> _Description of the task_
The word "Kids" marks the lines to report; pull each of them from the listing.

> _Exercise data_
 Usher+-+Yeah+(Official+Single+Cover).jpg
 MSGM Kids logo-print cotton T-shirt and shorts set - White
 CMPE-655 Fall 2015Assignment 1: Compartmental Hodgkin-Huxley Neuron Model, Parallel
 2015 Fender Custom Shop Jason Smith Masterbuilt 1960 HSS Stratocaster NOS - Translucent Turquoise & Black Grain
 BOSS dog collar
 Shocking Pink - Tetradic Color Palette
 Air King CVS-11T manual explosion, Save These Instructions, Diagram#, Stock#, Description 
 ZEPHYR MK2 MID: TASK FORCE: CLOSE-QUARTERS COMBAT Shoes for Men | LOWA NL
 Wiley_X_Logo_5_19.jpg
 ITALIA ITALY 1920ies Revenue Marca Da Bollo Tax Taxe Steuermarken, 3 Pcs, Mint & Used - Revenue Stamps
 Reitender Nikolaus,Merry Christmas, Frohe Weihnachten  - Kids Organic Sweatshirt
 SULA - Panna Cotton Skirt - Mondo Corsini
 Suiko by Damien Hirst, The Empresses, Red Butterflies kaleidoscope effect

> _Solution_
 MSGM Kids logo-print cotton T-shirt and shorts set - White
 Reitender Nikolaus,Merry Christmas, Frohe Weihnachten  - Kids Organic Sweatshirt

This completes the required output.